Another aspect highlighted by this analysis is the evolution of the PT waiting list. It decreased in USA and increased in SEC despite the inverse evolution in PT activity. The waiting list increase in SEC was mainly due to the increment of candidates for PT in The Netherlands, Spain and especially United Kingdom; however, these countries together with France and Italy are the ones that contribute to the overall increase in PT activity in SEC. Paradoxically, the number of candidates on the active waiting list at the end of 2006 was almost 2-fold higher in USA with a lower population than in SEC. However, this may be due to different criteria for registration on the waiting list (older candidates) and different allocation policies as has been observed in USA [22,23]. In addition, the gap between the demand (number of candidates on the active waiting list) and the number of PT performed is higher in USA and again, important differences were found between countries. It increased in Belgium, Germany, The Netherlands, Norway and Switzerland but dropped in USA, Austria, France, Italy, Sweden and United Kingdom. This gap has been ‘negative’ (the number of PT performed per year was higher than the number of waiting list candidates at the end of the year), only occasionally in Austria, Belgium, Germany, The Netherlands and more frequently in Norway, Spain and Switzerland. In general, a very large gap may indicate the need for greater PT activity.

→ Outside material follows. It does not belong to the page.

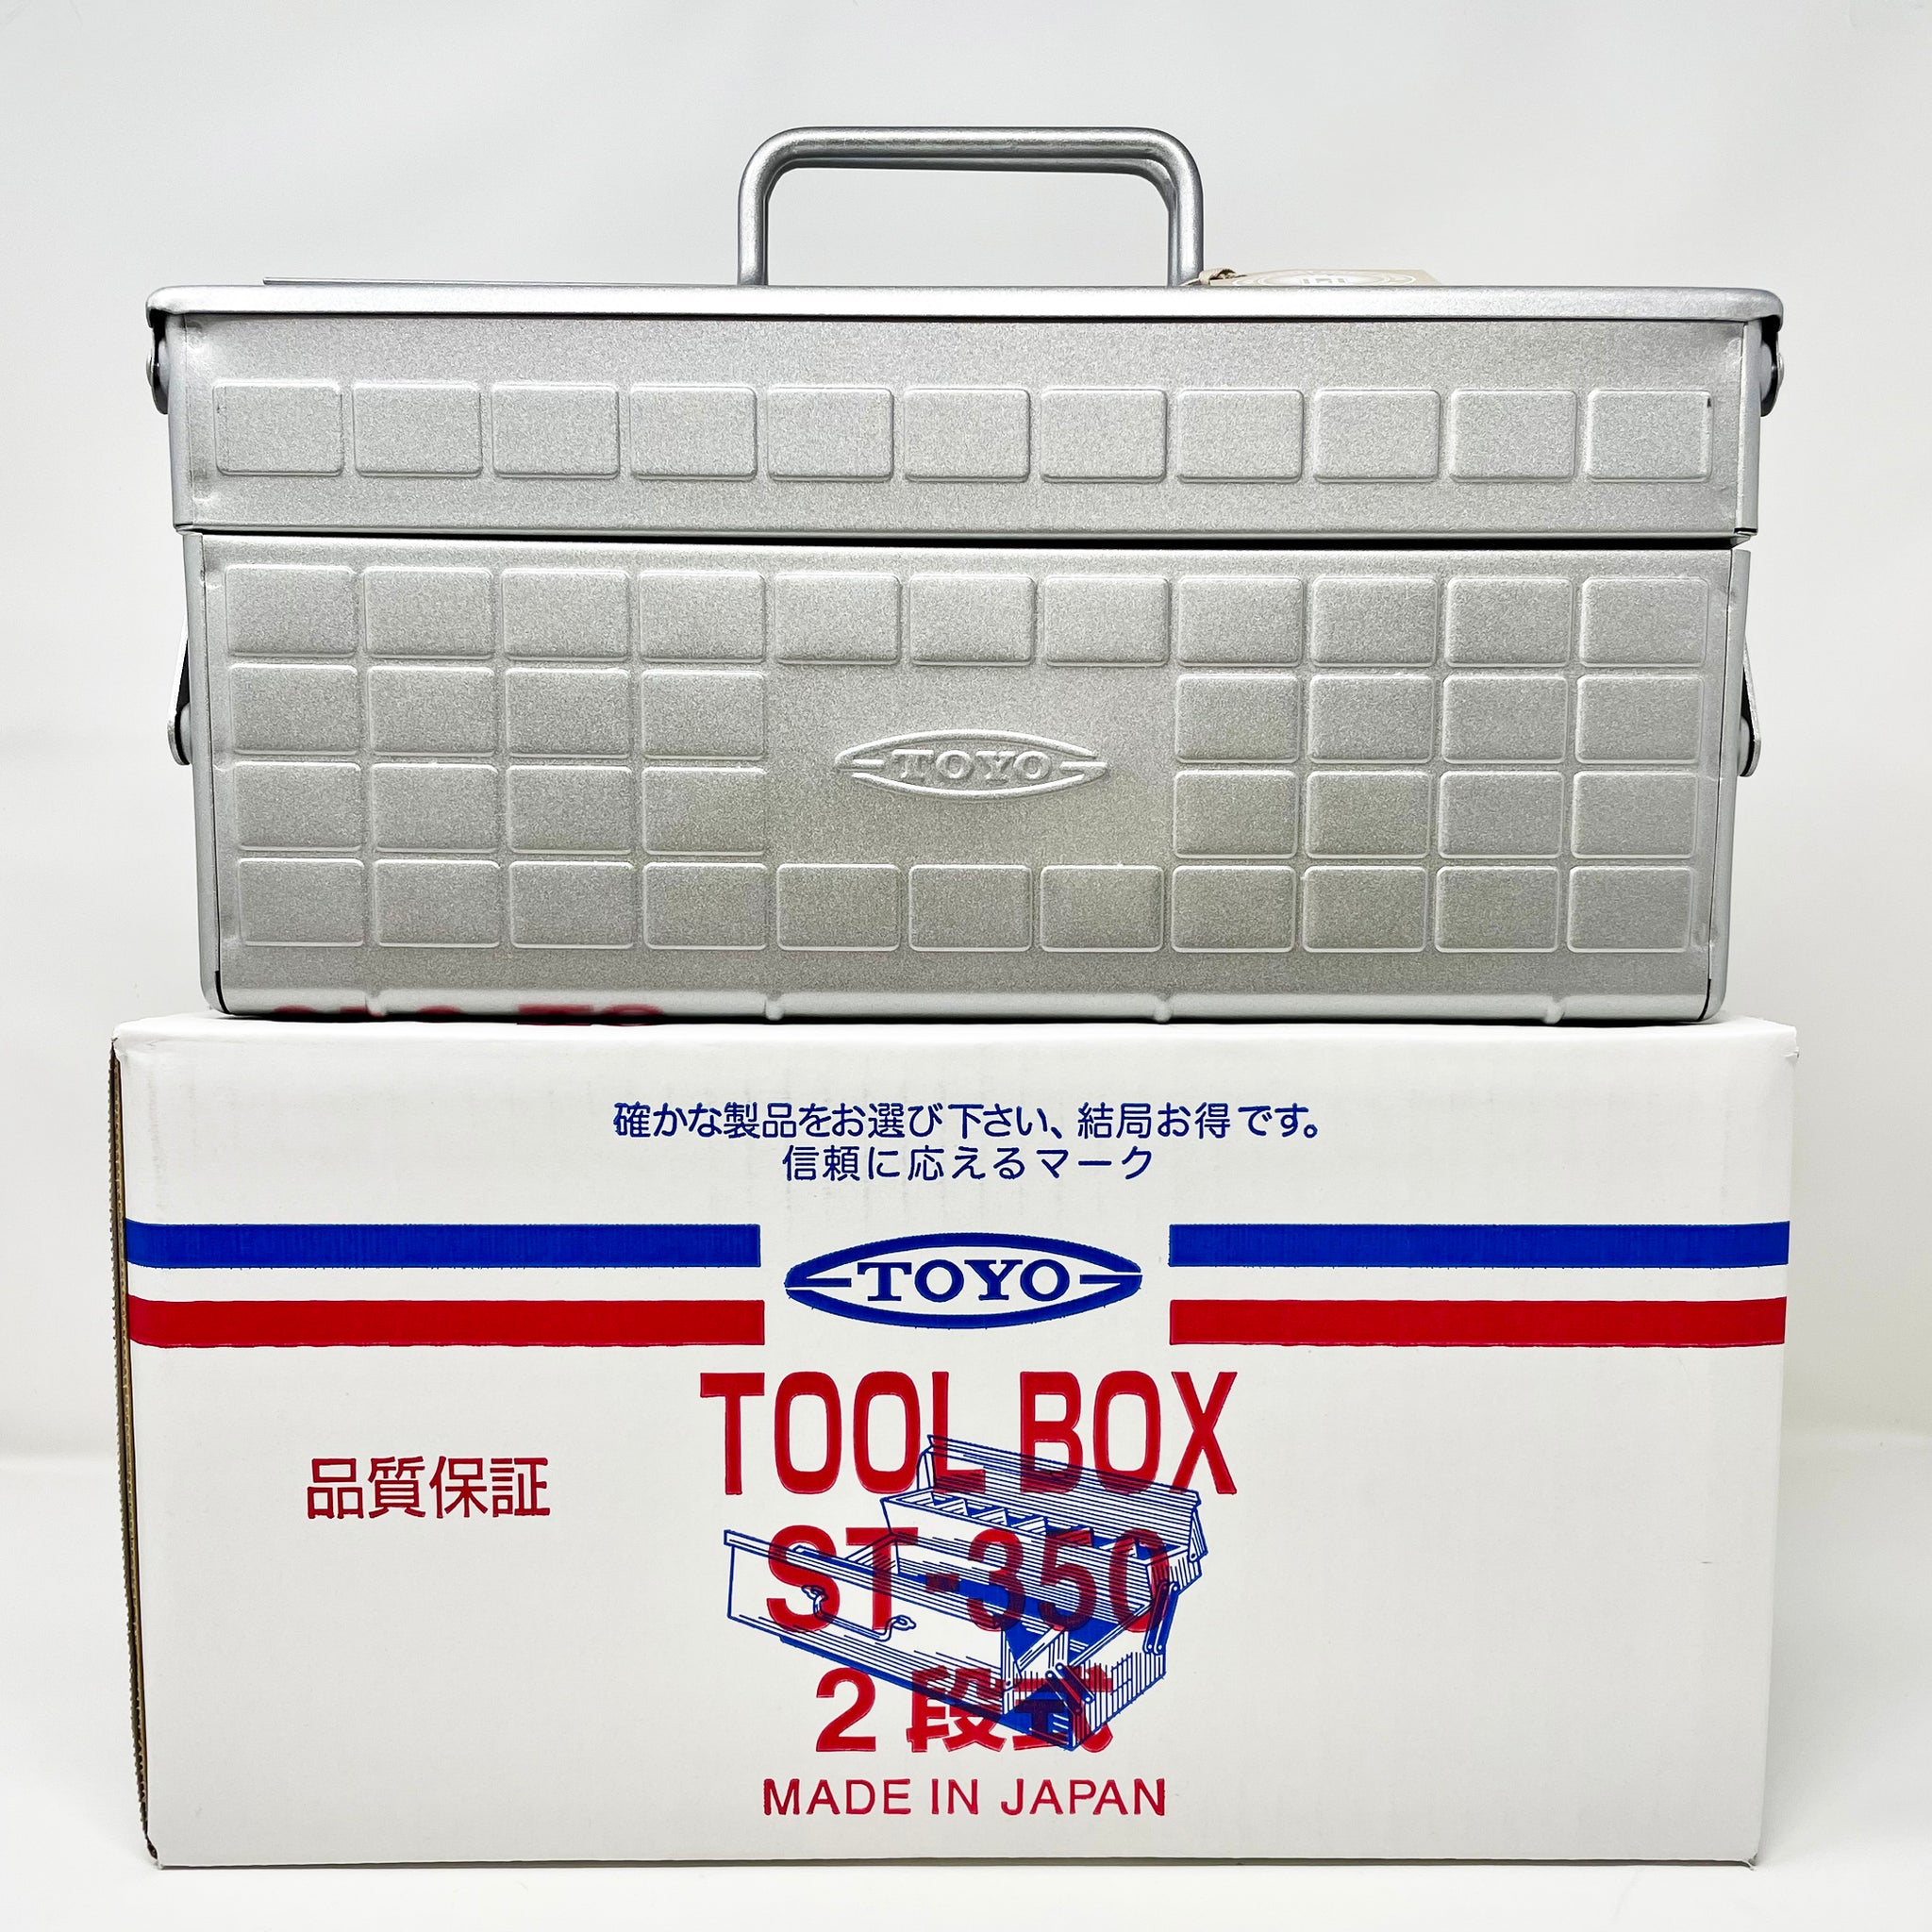 Toyo Large Tool Box – North Bennet Street School

Pancreas underutilization is another important challenge and has been considered an important issue in USA [22,24]. When comparing practises in SEC, we found variable proportions of DD from whom pancreata were recovered and transplanted. This proportion shows important changes between countries and years, varying from <5 to >25%. This may reflect the increased number of older donors, although the lack of experience in some recovery teams has been also considered [22,25]. PT activity actually decreased during the period analysed in most countries and only increased in France, The Netherlands, Spain and especially in the United Kingdom. It may also be speculated that the option of maintaining the patient with insulin therapy plays a role in pancreas underutilization and most transplant teams only accept ideal organs [25]. In this respect, studies from USA showed that the non-recovery rate and the discard rate among recovered pancreata increased in recent years [24,25]. Taking into account these data, important efforts must be made to improve the underutilization of pancreata from DD, especially in those countries with a long waiting list.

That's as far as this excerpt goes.